The first and third outcomes would bring closure (if not cloture) to the process and create space for other issues requiring Presidential and Congressional attention.  The second route would prolong the debate and maintain the possibility of passage - but with decreasing likelihood.

In addition, as a major health reform legislation is being debated in Congress, it is very unlikely that the Administration will nominate an Administrator or Deputy Administrator for CMS. This makes sense because presenting a nominee would divert attention in the Senate, and whoever is nominated would face an armada sized barrage of questions about ever large and minute issue in the pending legislative proposals. However, it also leaves CMS without its full compliment of political leaders, which could be a problem in 2010 whether they are tasked with implementing large parts of a new health reform law, or more focused changes to Medicare and Medicaid.

So will healthcare reform start making sense to the average voter, or will the whole issue blow up for Democrats in the 2010 election - either through failure to pass anything or by overreaching and fueling the wild-eyed fires in the red and purple pockets on political strategists maps?  The answers to these and other questions about the policies and politics of health reform will come sooner or later - and certainly by November 2010.

p.s.

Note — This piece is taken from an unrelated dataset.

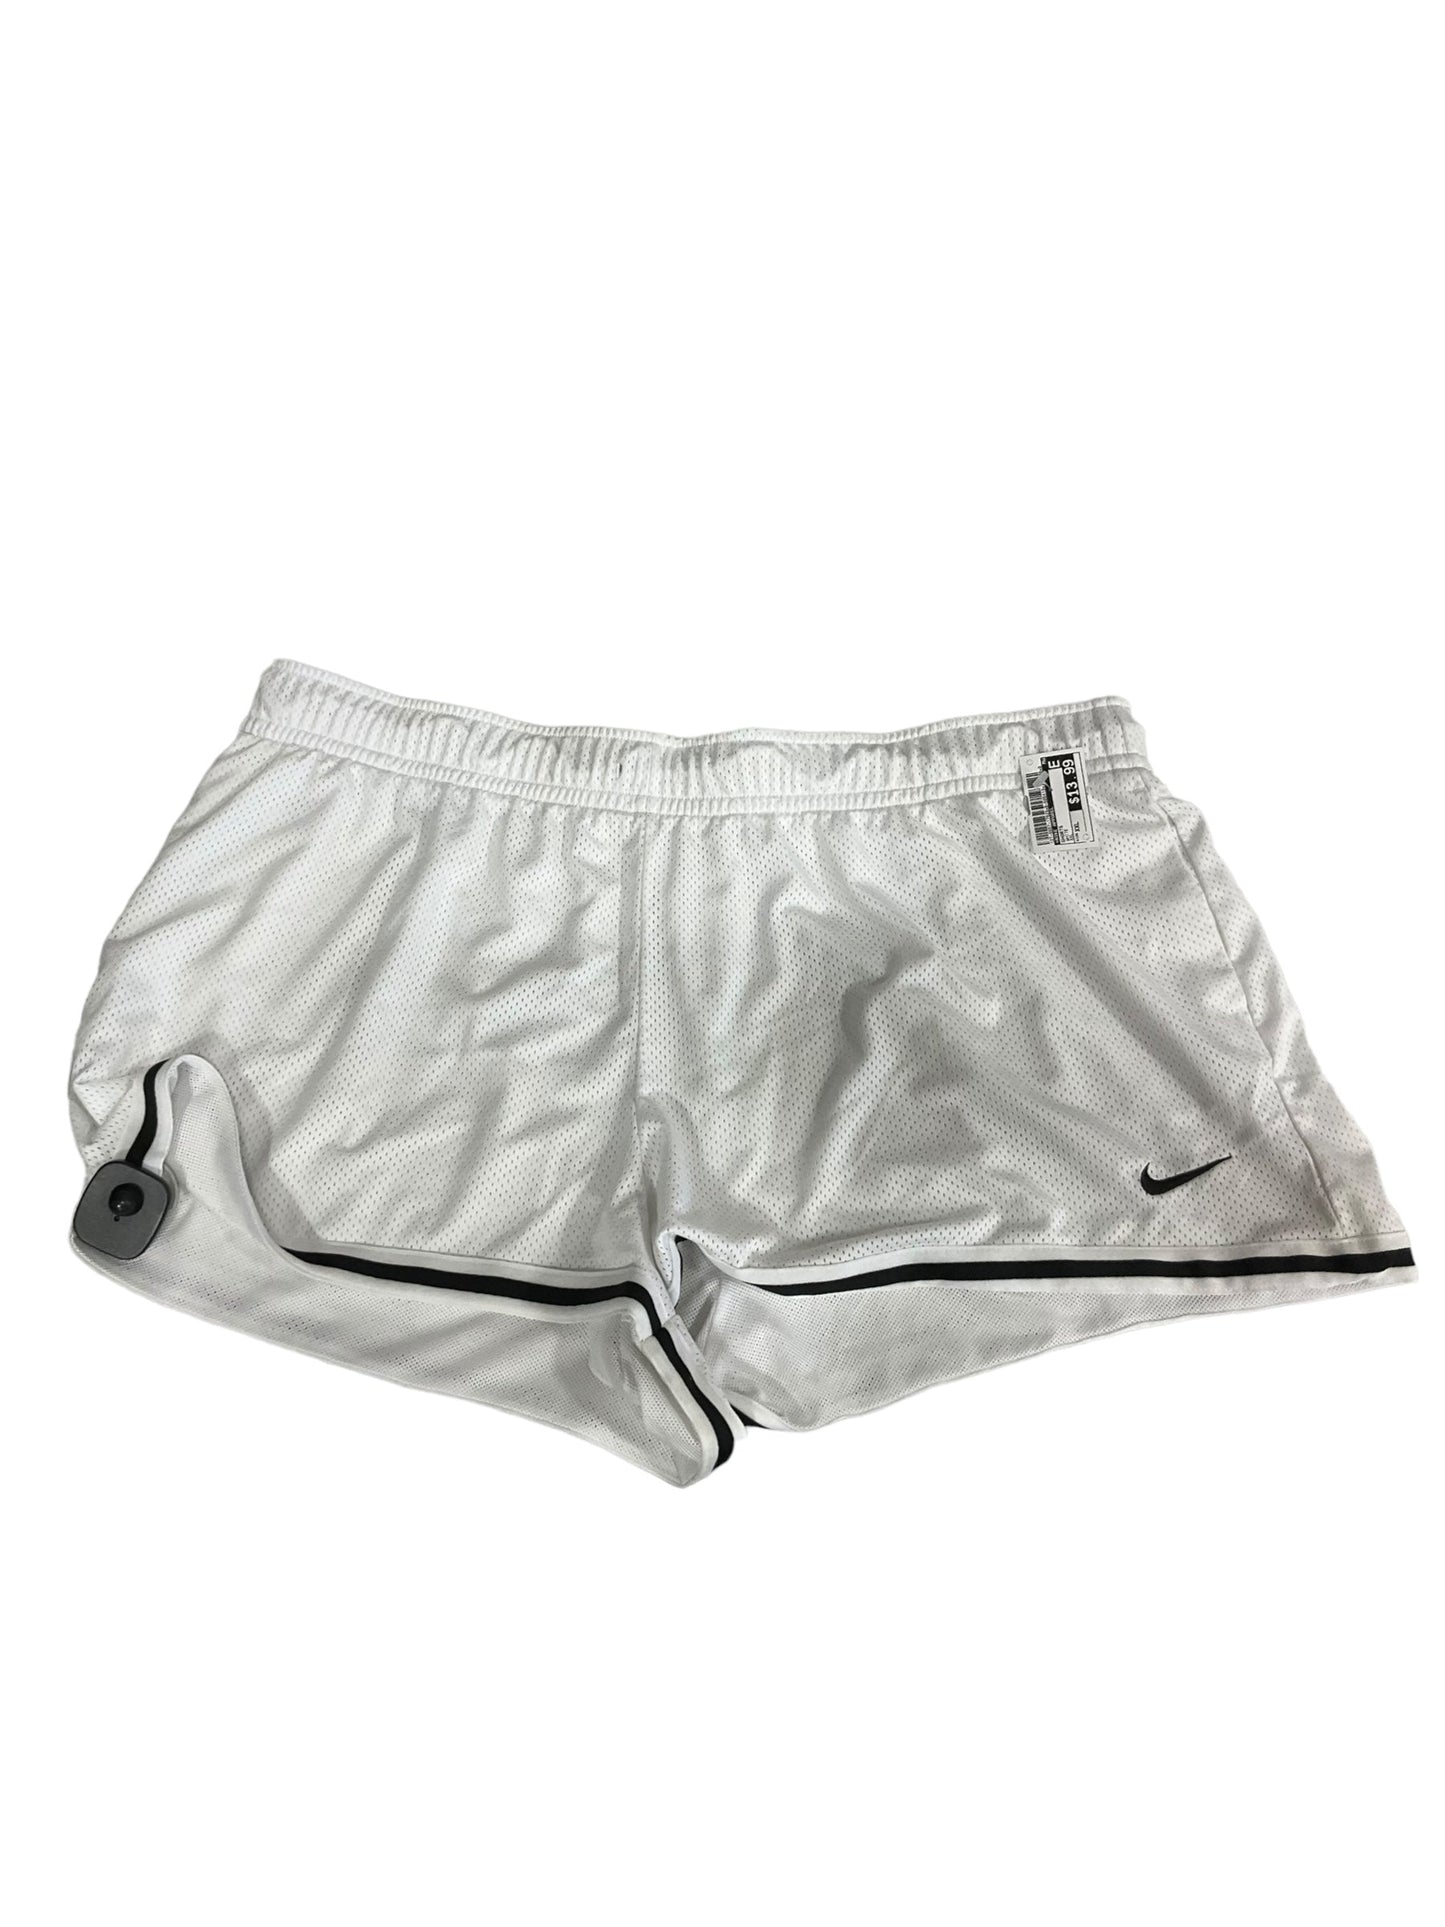 Shorts By Nike Apparel  Size: Xxl

What the Talking Heads Said in “Stop Making Sense”
There are some interesting insights and parallels about the current health reform situation from the Talking Heads’ 1984 film “Stop Making Sense.”  In particular, there seems to be some prescient message in the titles of a few of their songs included in the movie (with my annotations):

  • Psycho Killer - (Rabidly opposing health reform based on disparaging mischaracterizations?)
  • Slippery People - (No comment necessary)
  • Burning Down the House - (The goal of the Republicans? Or what the Democrats could achieve by overreaching or mishandling health reform?)
  • Making Flippy Floppy - (What is a public option and why?)
  • Swamp - (Will health reform get mired in a swamp?)
  • Once in a Lifetime - (What many health reform advocates think this is?)
  • Crosseyed and Painless - (How many people working on health reform feel right now?)